Клим открыл глаза и оглох от тишины. Он лежал на остывшей, но все еще теплой печи, прямо над головой — деревянный потолок. Чуть в стороне поскрипывал подоконник — то ли ветер его цепляет с той стороны, то ли домовой играет. Дом старый, деревянный, он живет своей жизнью.
Клим глянул на часы. Так и есть, половина пятого утра. За окном еще темно, но ему пора подниматься. Сельская жизнь — она такая: лежа на боку, много не наработаешь. Да и нет у него желания залеживаться на печи. Три года в зиндане провел, насиделся в тесноте — на всю жизнь хватит.
Он помнил, как рядом с ним взорвалась граната, изувечив лицо. И пуля в ногу попала, кость перебила. «Духи» взяли его в плен едва живого. Могли бы и добить на месте, но Климу повезло… Это он сейчас так считает, что повезло. А в зиндане в голову лезли совсем другие мысли. Там Климу хотелось умереть…
Он сбежал из плена, вышел к своим, пару месяцев провел в госпитале, а потом вернулся домой — с изуродованным лицом. Устроился на работу в колхоз. Мужики ничего, относились с пониманием, а бабы косились на него, шушукались. Кто-то брезговал, кто-то жалел, но никто не оставался равнодушным к его уродству. Так и жил, пока не обзавелся собственным фермерским хозяйством. Купил за бесценок дом на выселках, возродил из пепла списанный трактор. Вспахал на нем землю, засеял, собрал урожай. Видно, Бог воздал ему за страдания, земля уродила богато. Только вот трактор сломался. А землю снова нужно пахать. Движок нужно перебирать, поршни менять и кольца, а дело это непростое. Но ничего, Клим справится. И землю вспашет… Он сильный, он справится. А одиночество его не пугает. Он к нему привык…
Клим спустился с печи, встал на обе ноги, и гнилая половица с хрустом проломилась под ним. Он лишь усмехнулся, ничуть не раздражаясь. Он жив, деньги на новые доски у него есть, руки откуда нужно растут, а главное, дни впереди длинные — с раннего утра до поздней ночи. Разберется с трактором, вспашет землю, а ближе к зиме займется домом. В свое удовольствие.
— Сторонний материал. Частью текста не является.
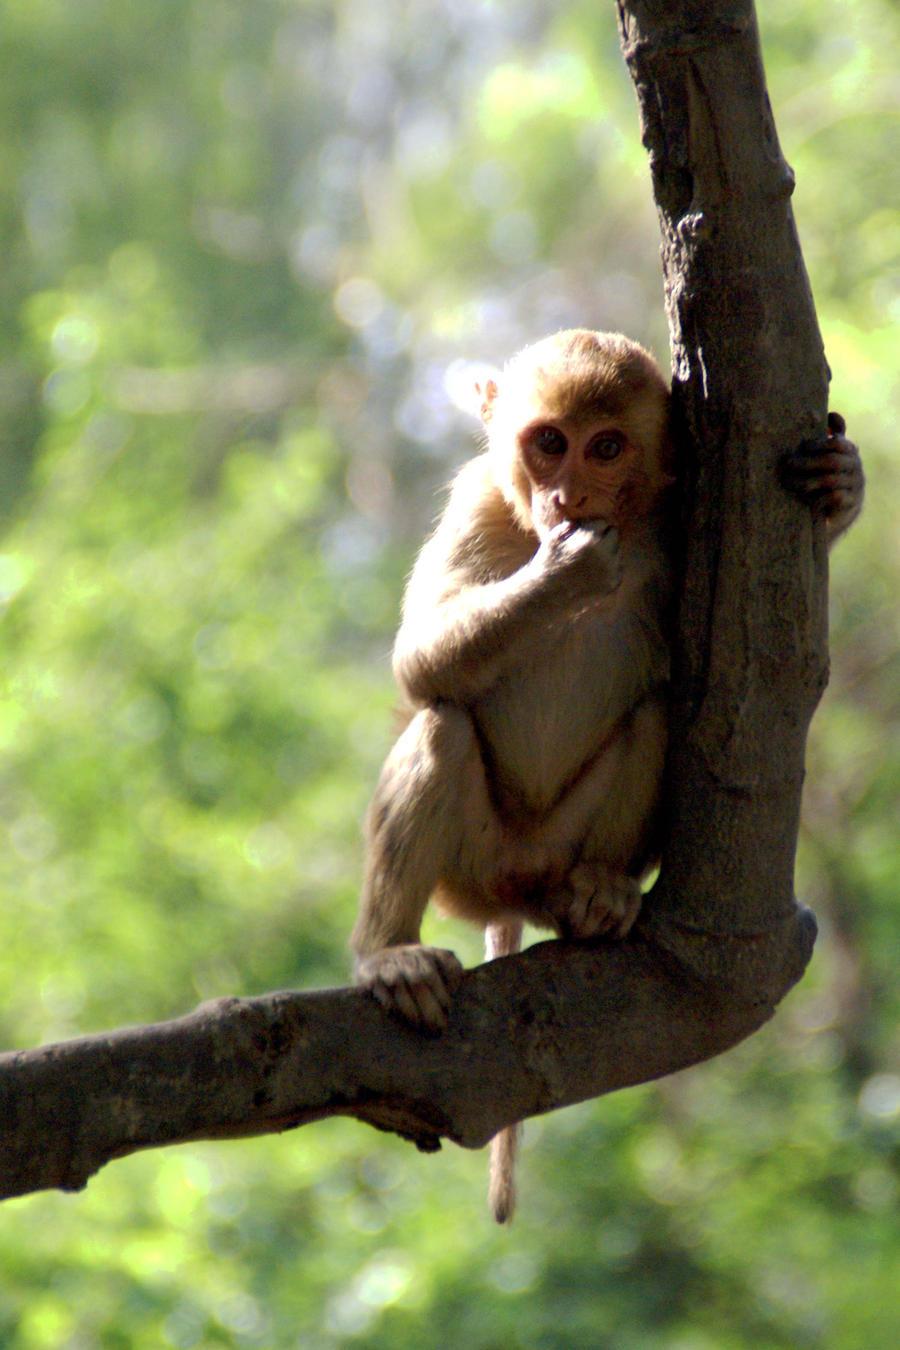 Curious little monkey by Art-by-Jilani

Капли дождя стучали о подоконник, разбавляя гнетущую тишину, которая, казалось, давила на одеяло, утяжеляла его. Эта тишина мешала спать. Юля лежала с закрытыми глазами, но уснуть не могла. Мамы нет, она ушла к другому, сбежала от отца, от дочери. Она ушла, после нее осталась только тишина. Юля знала слова, которые она должна сказать маме, если та вдруг вернется. Она скажет все, что про нее думает. А может, не надо ничего говорить? Вдруг мама обидится и снова уйдет? А она не хотела ее терять.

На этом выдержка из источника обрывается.